**What you should do:**
Give the data back exactly. Leave out any images.

**Collected data:**
──────────────────────────────

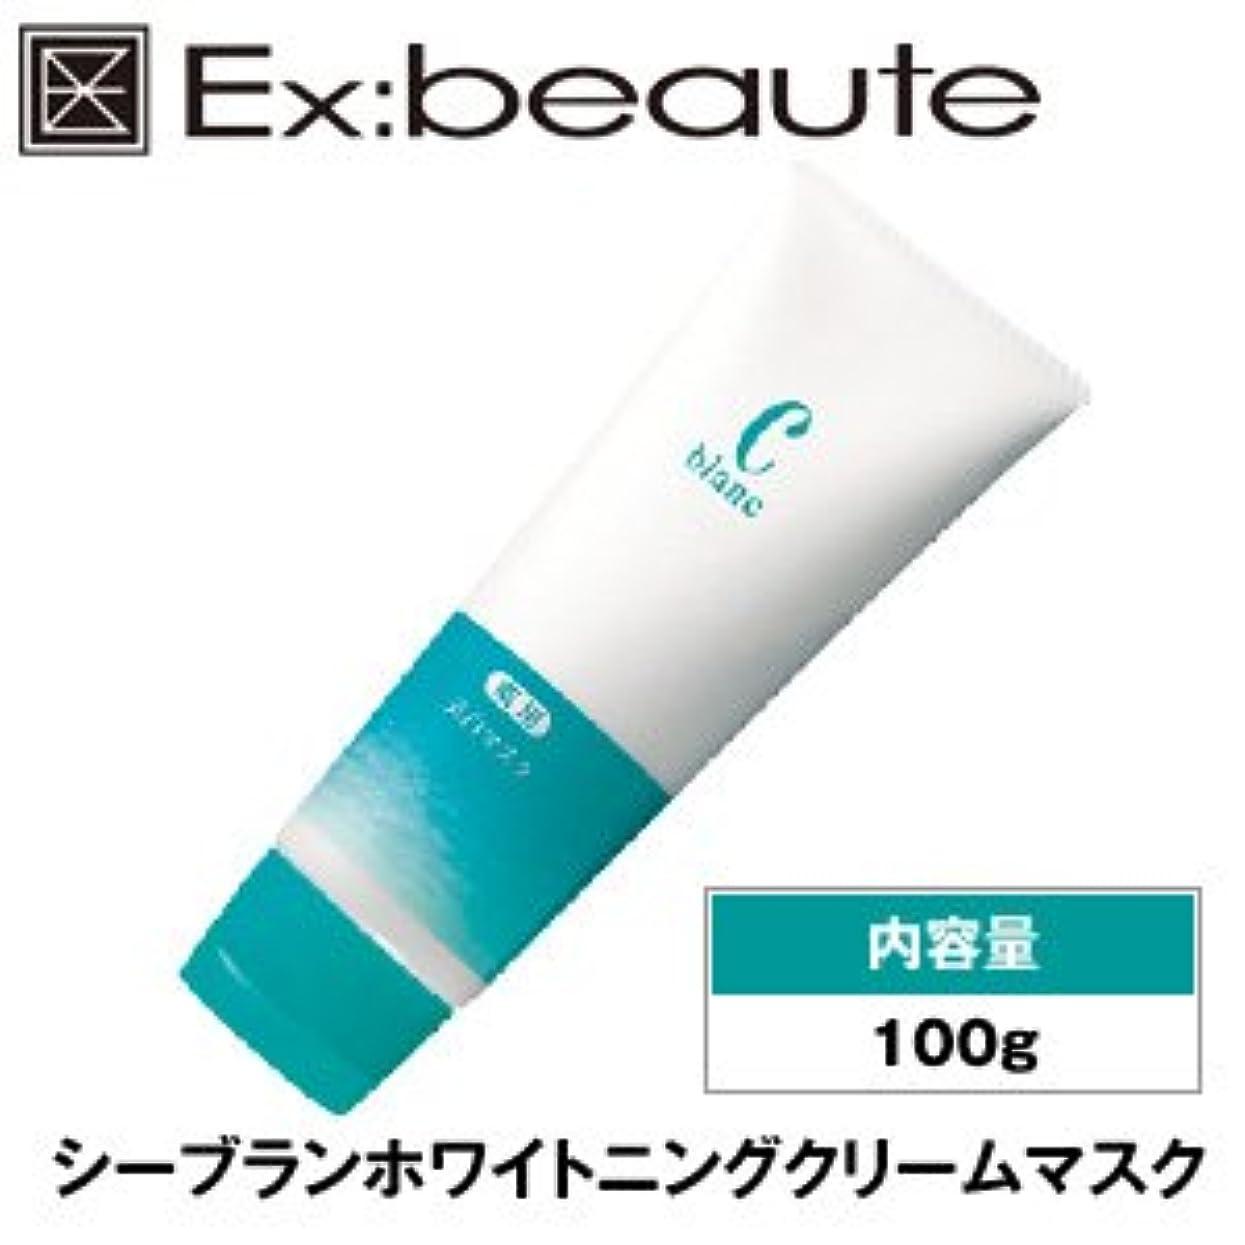 梨二寄稿者Ex:beaute (エクスボーテ) シーブラン ホワイトニングクリームマスク
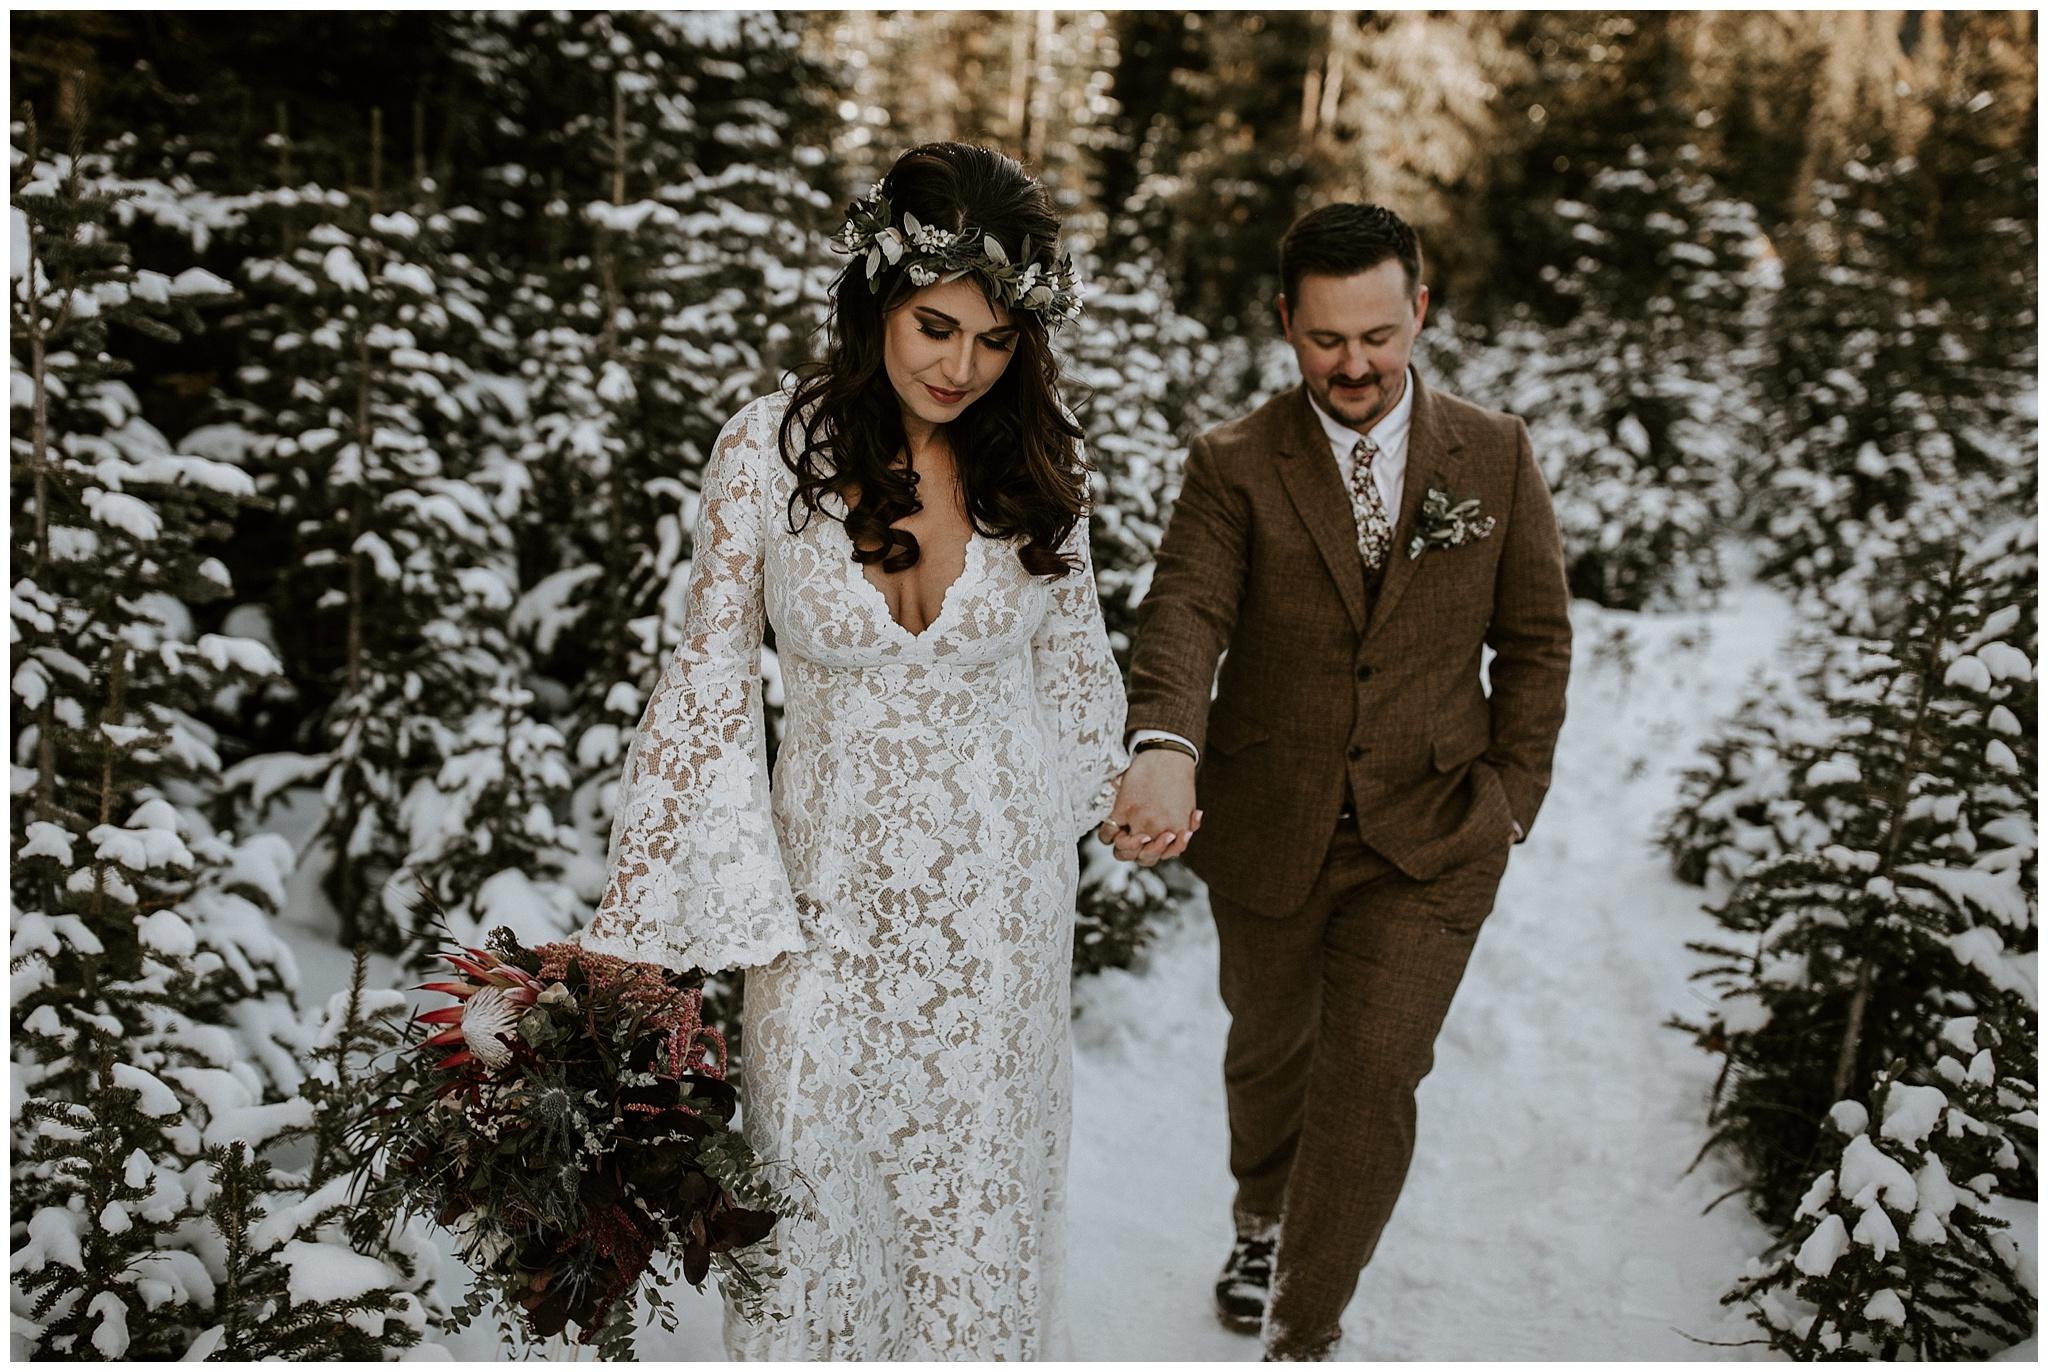 peyto-lake-wedding-photos-48.JPG
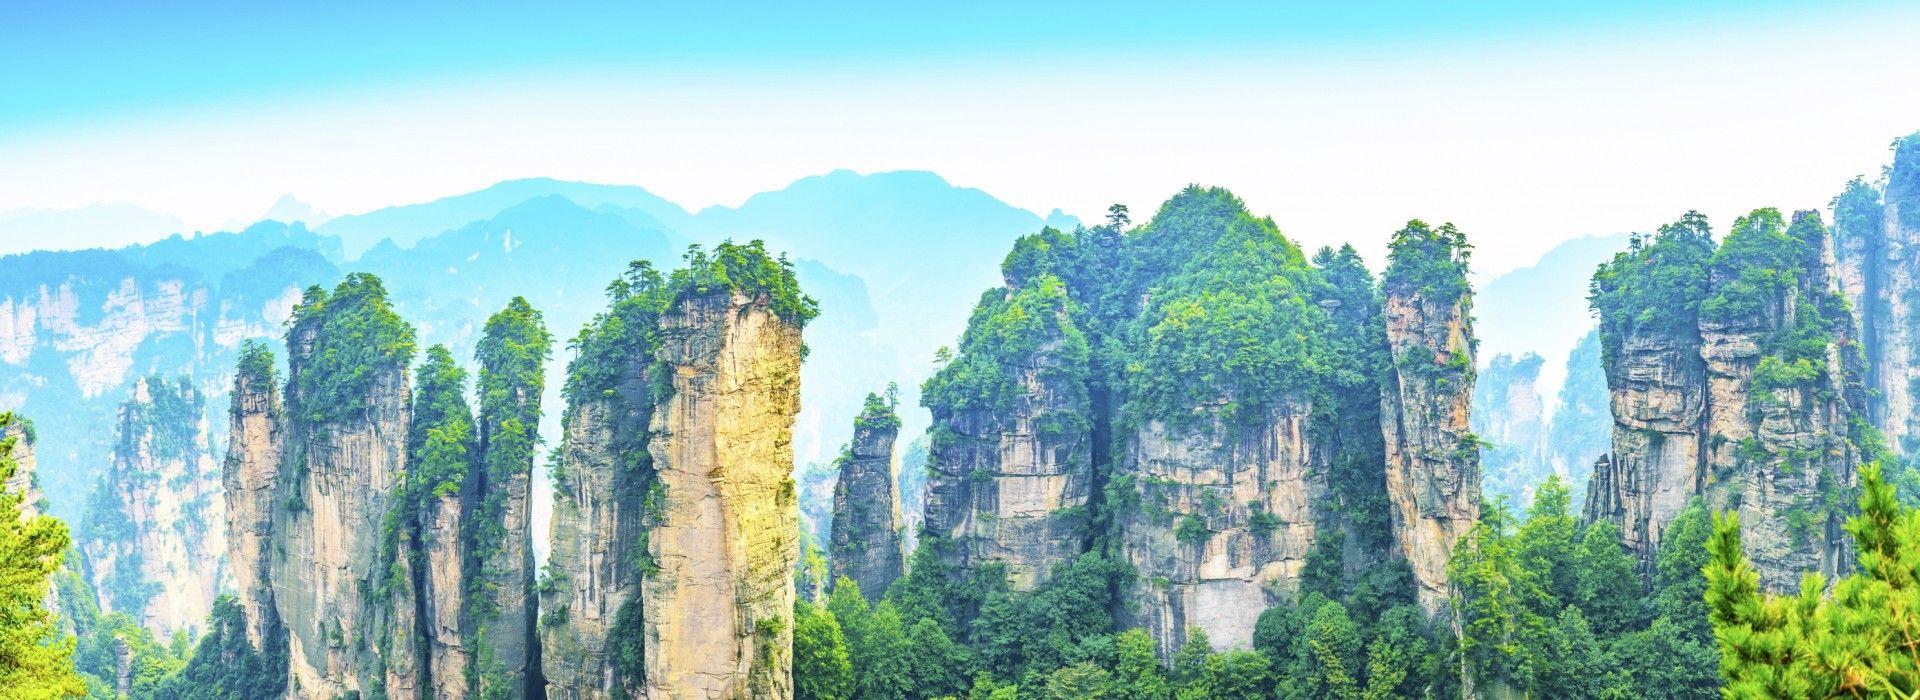 Zhangjiajie Tours and Travel to Zhangjiajie

──────────────────────────────

**Answer for the task:**
 梨二寄稿者Ex:beaute (エクスボーテ) シーブラン ホワイトニングクリームマスク
 peyto-lake-wedding-photos-48.JPG
 Zhangjiajie Tours and Travel to Zhangjiajie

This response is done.